- Born: Lev Rafailovich Kontsevich 3 September 1930 (age 95) Tambov, Russian SFSR, USSR
- Education: Moscow Institute of Oriental Studies
- Scientific career
- Fields: Korean studies, Oriental studies
- Workplaces: Institute of Oriental Studies of the Russian Academy of Sciences

= Lev Kontsevich =

Soviet Russian Koreanist (born 1930)

Lev Rafailovich Kontsevich (Лев Рафаилович Концевич, , born 3 September 1930) is a Soviet-Russian orientalist and Candidate of Sciences, who created the Kontsevich system, the one of cyrillization system for the Korean language and currently the main system of transcribing and transliterating Korean words into the Cyrillic alphabet. He is also the father of mathematician Maxim Kontsevich.

==Biography==
Kontsevich was born on 1930 in Tambov. He studied at the Moscow Institute of Oriental Studies and graduated from the Institute of Oriental Studies of the USSR Academy of Sciences, then worked there as a junior research fellow. From 1958 to 1974, he worked as head of the Department of Culture and Language and executive secretary of the scientific journal Peoples of Asia and Africa. During this time in 1965, he visited North Korea. In 1973, he defended his dissertation and received a PhD in Philology.

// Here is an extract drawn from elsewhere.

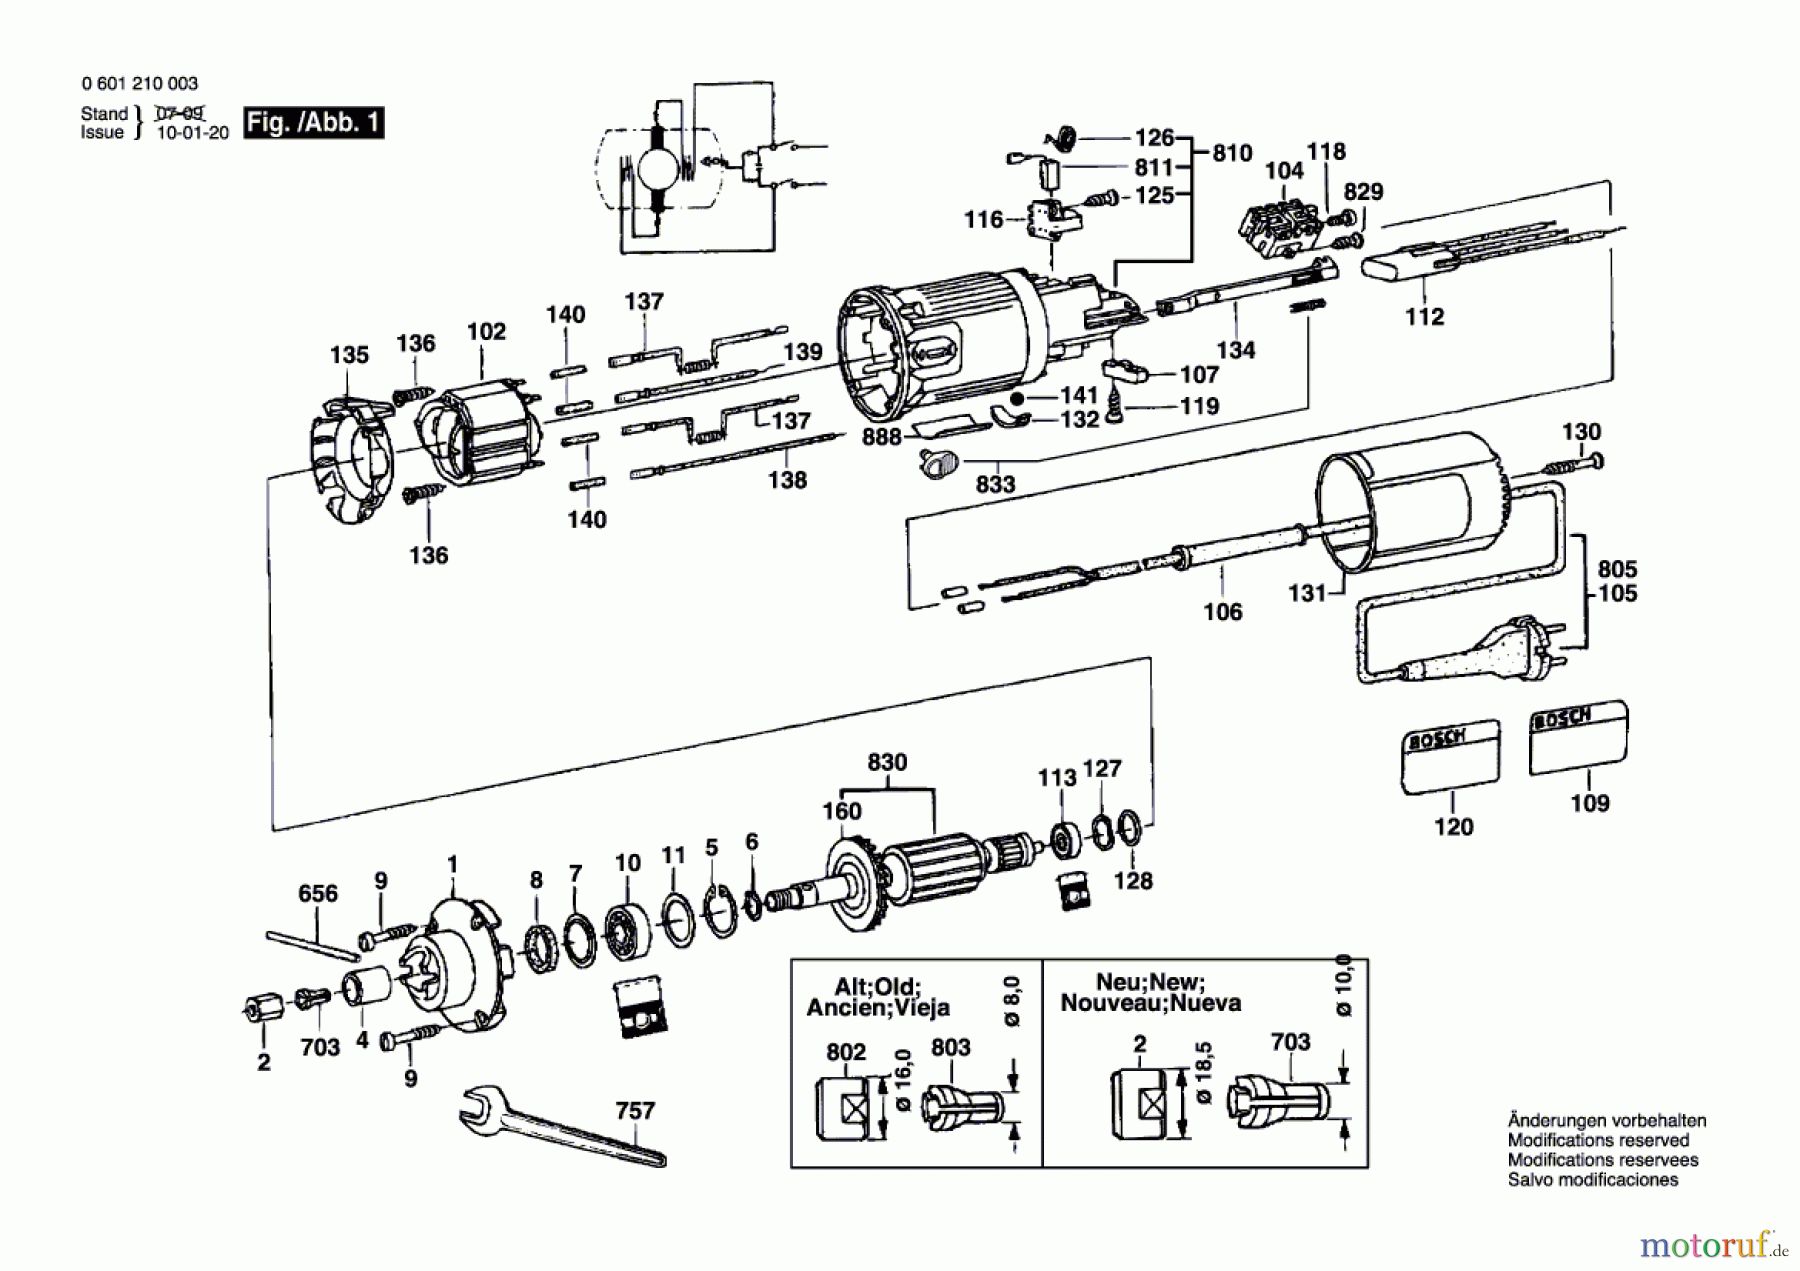  Bosch Werkzeug Geradschleifer GGS 27 Seite 1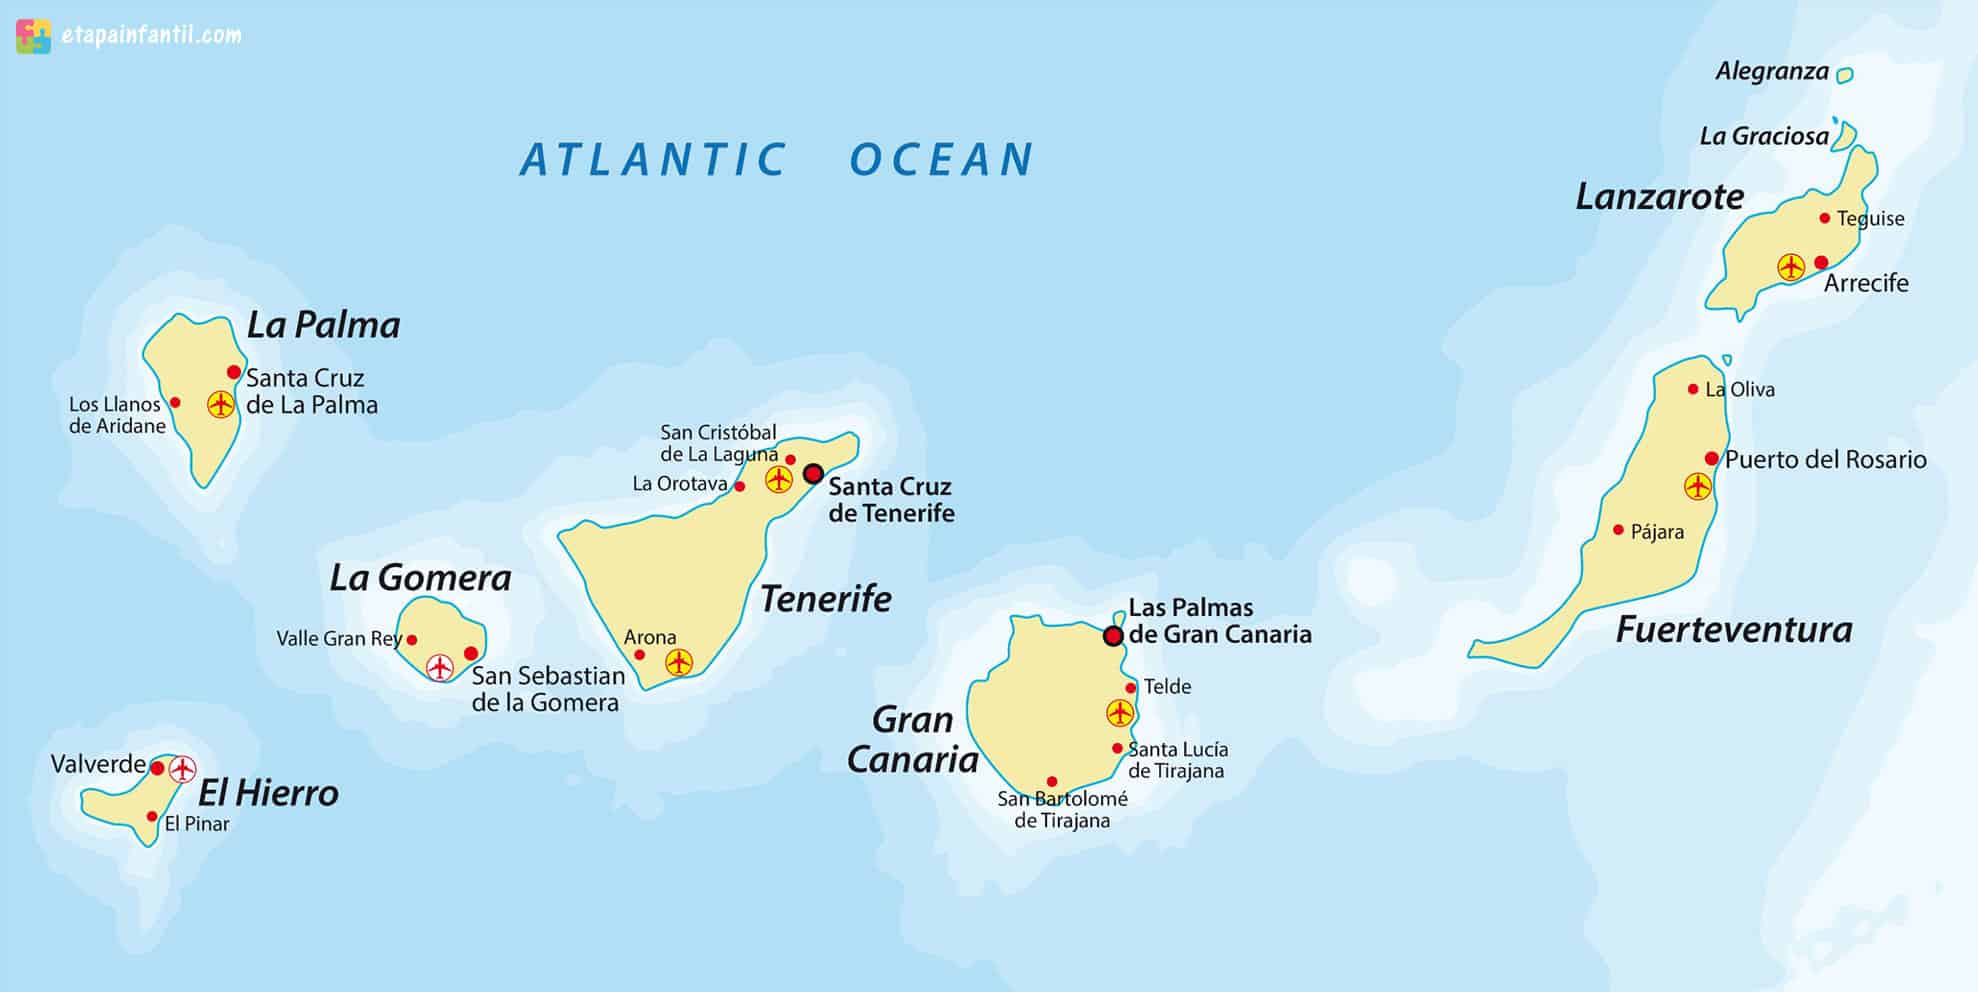 Mapa Las Islas Canarias

Following the dissolution of the Soviet Union in 1991, he served as a visiting professor in South Korea till 1995. From 1995 to 2003, he was a leading researcher at the International Center for Korean Studies at Moscow State University.

Currently, he is a leading researcher at the Department of Oriental Languages at the Institute of Oriental Studies of the Russian Academy of Sciences. Kontesevich is the author and editor of a large number of studies, articles and publications on oriental studies, as well as translations of Korean traditional literature. He is the author and editor of a large number of studies, articles and publications on oriental studies, as well as translations of Korean literature. He is best known for developing the Kontsevich system for transcribing Korean texts from Hangul to Cyrillic. The system is used by the Korean population living in post-Soviet states.

In 1999, he won the Korean Linguistics Achievement Award from the Dongsung Science Foundation in Seoul. In 2012, the South Korean Ministry of Culture, Sports and Tourism awarded Kontsevich the Order of Cultural Merit on Hangul Day, in recognition for his contributions to Korean studies.
He is also the father of renowned mathematician Maxim Kontsevich.